Entretien avec Joëlle Sambi Nzeba

Tract annonçant l'action "Reclaim the night 2017"

Le 11 février 2017, « Reclaim the night », une marche fémi­niste dans les rues de Bruxelles, a pro­vo­qué une inter­ven­tion poli­cière vio­lente, une réac­tion dis­pro­por­tion­née à l’extrême oppo­sé du mes­sage véhi­cu­lé par cette mani­fes­ta­tion, à savoir la réap­pro­pria­tion paci­fique de l’espace public par les femmes et les per­sonnes trans­genres. Joëlle Sam­bi Nze­ba, mili­tante queer et par ailleurs res­pon­sable du ser­vice Com­mu­ni­ca­tion des Femmes pré­voyantes socia­listes y était. Elle l’a racon­té dans la tri­bune « Et sou­dain, tout bas­cule », lar­ge­ment par­ta­gée sur les réseaux sociaux. Que dit cet évè­ne­ment des pos­si­bi­li­tés d’exprimer ses indi­gna­tions, notam­ment fémi­nistes, dans l’espace public ?

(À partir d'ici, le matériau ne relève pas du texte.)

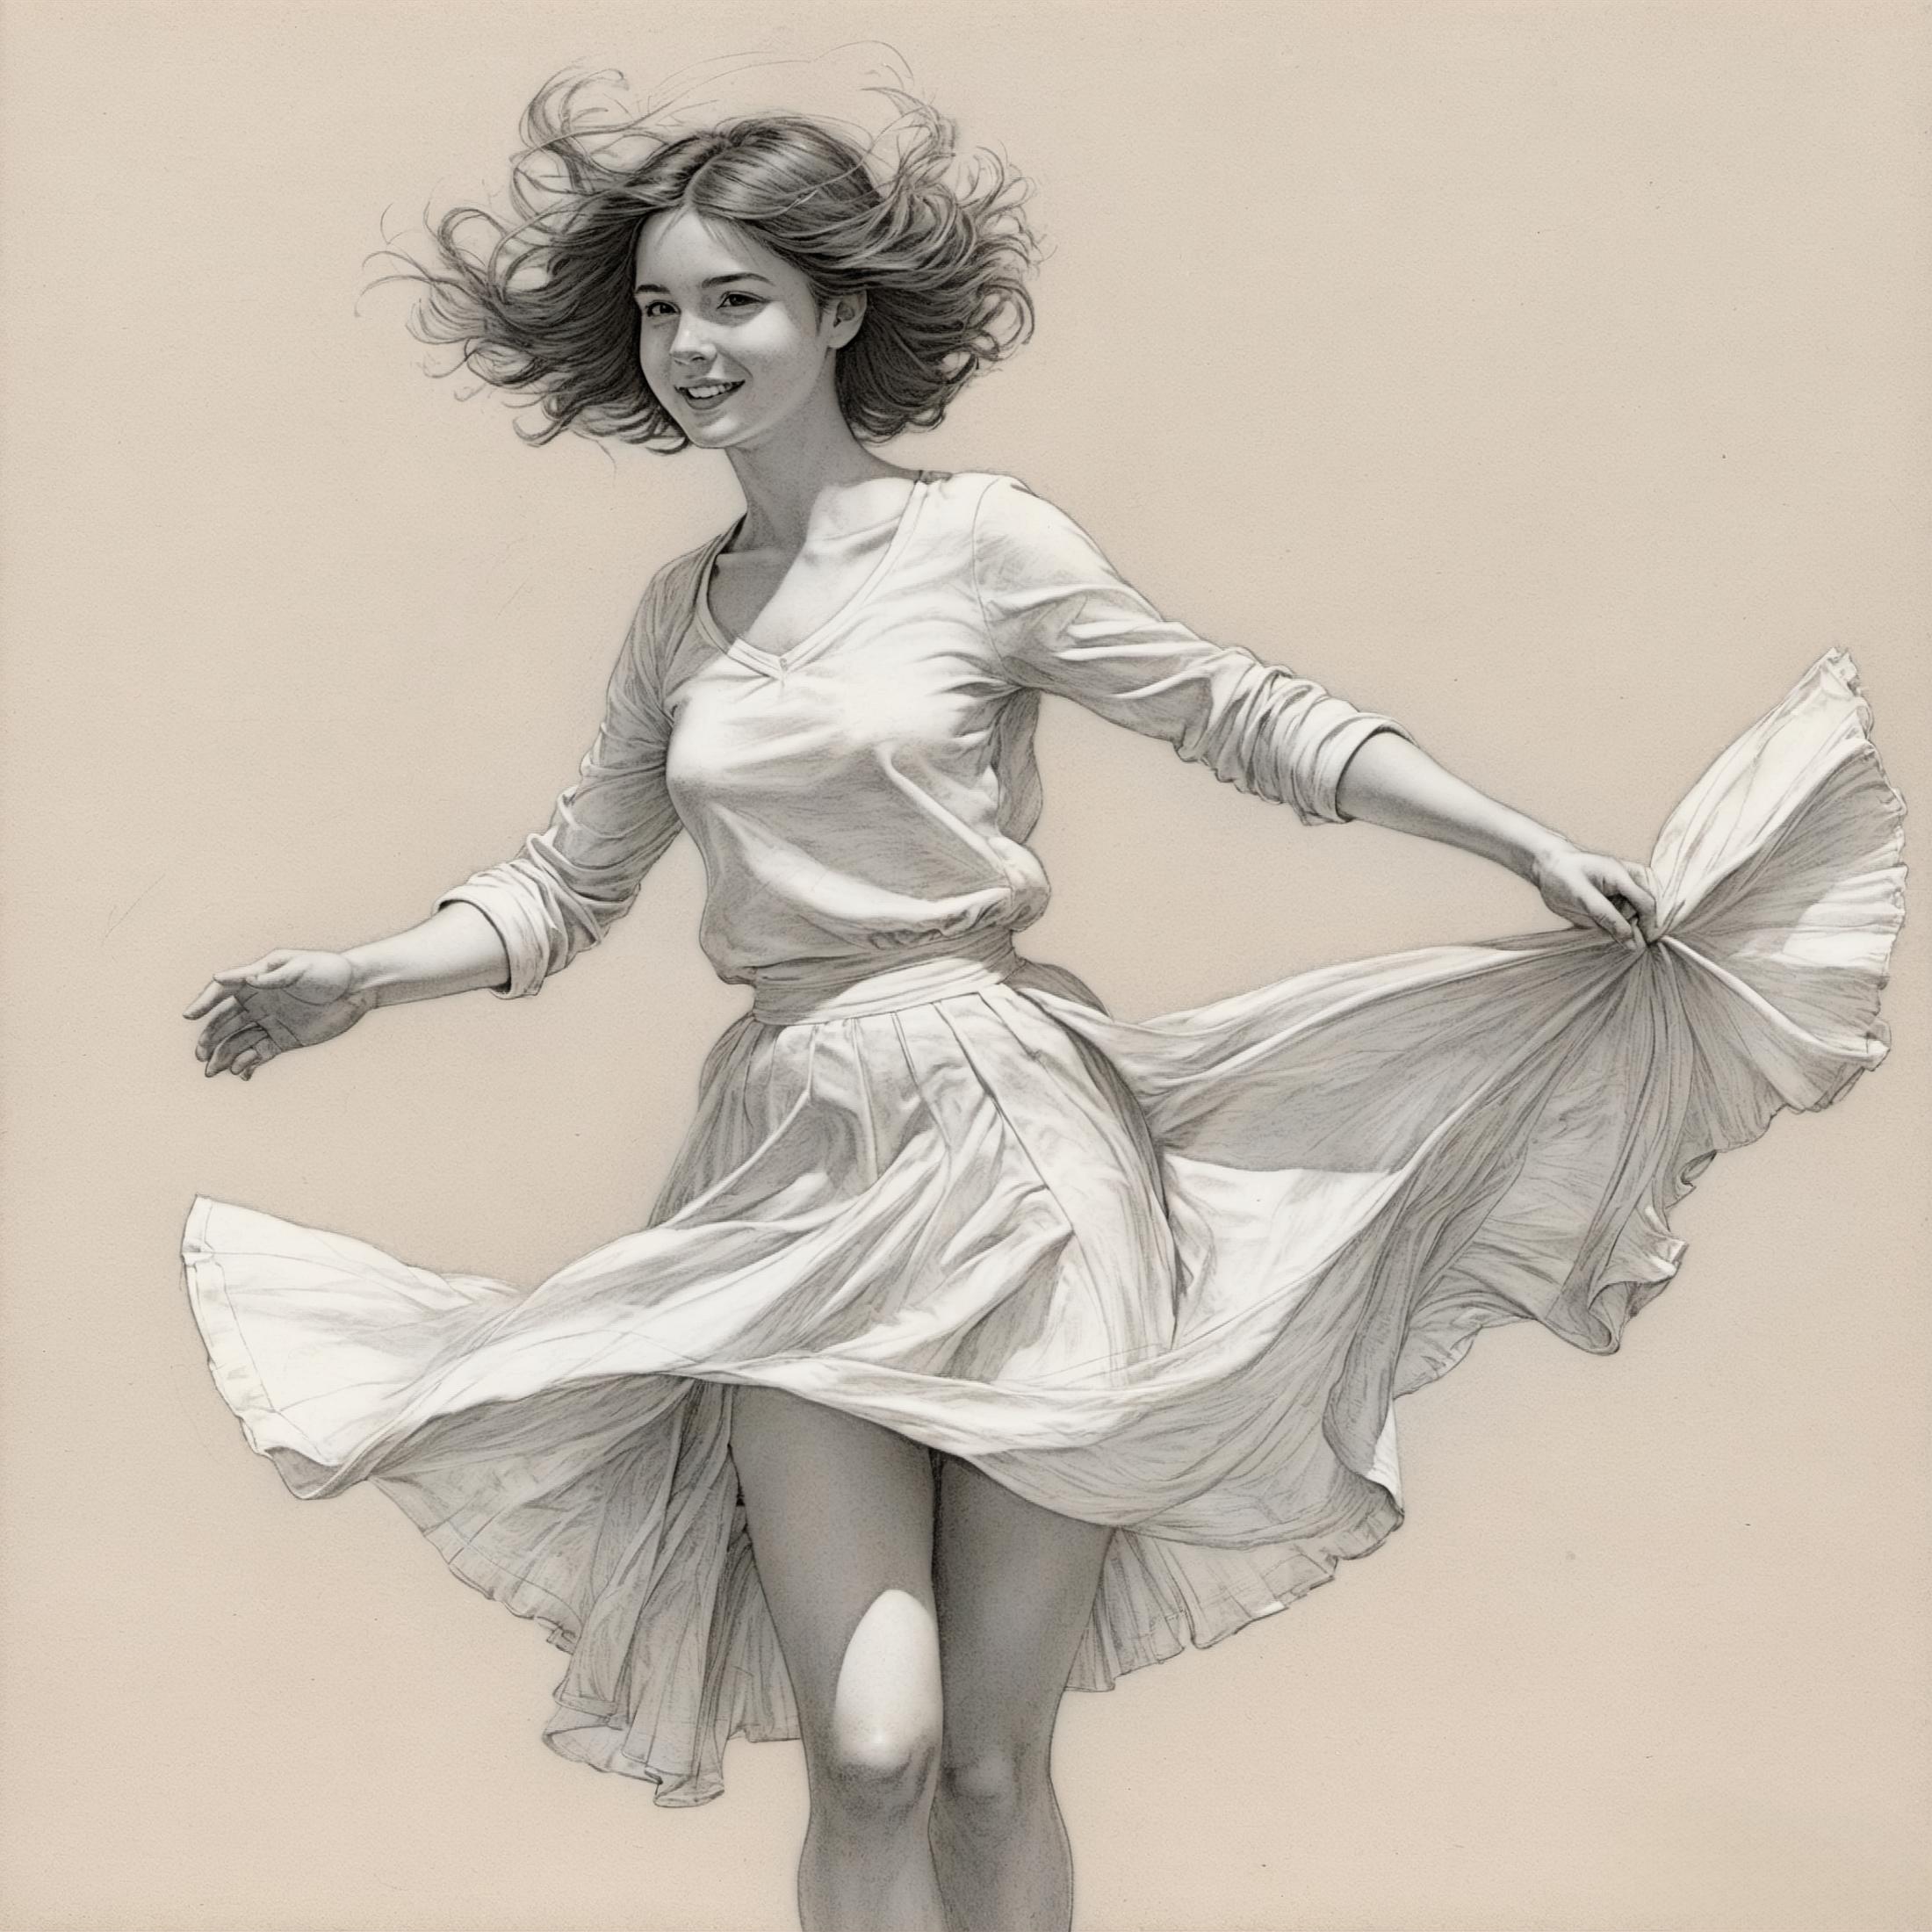 A woman with a white dress blowing her hair in the wind.

Pouvez-vous nous rappeler le contexte et ce qu’il s’est passé lors de la marche « Reclaim the night » ?

La « Reclaim the night », est une marche de nuit fémi­niste (en mixi­té choi­sie sans hommes cis1) visant à se réap­pro­prier la rue pen­dant la nuit contre les vio­lences sexistes. Elle choi­sit la forme d’une marche aux flam­beaux por­teuse d’un fémi­nisme inclu­sif, inter­sec­tion­nel2, insur­rec­tion­nel et pro-choix (pour le libre choix en matière d’avortement, du port ou non du hijab, la liber­té des tra­vailleuses-rs du sexe, etc). L’organisation de la mani­fes­ta­tion se fait de manière inclu­sive et hori­zon­tale, c’est-à-dire qu’il n’y a pas à pro­pre­ment par­ler de hié­rar­chie, ce qui s’est avé­ré impor­tant pour la suite des évè­ne­ments. J’ai répon­du à l’appel à titre per­son­nel en me disant que c’était l’occasion, en tant que mili­tante fémi­niste, de par­ti­ci­per à un évè­ne­ment reven­di­ca­tif dont j’avais déjà enten­du par­ler maintes fois et auquel il ne m’avait jamais encore été pos­sible de participer.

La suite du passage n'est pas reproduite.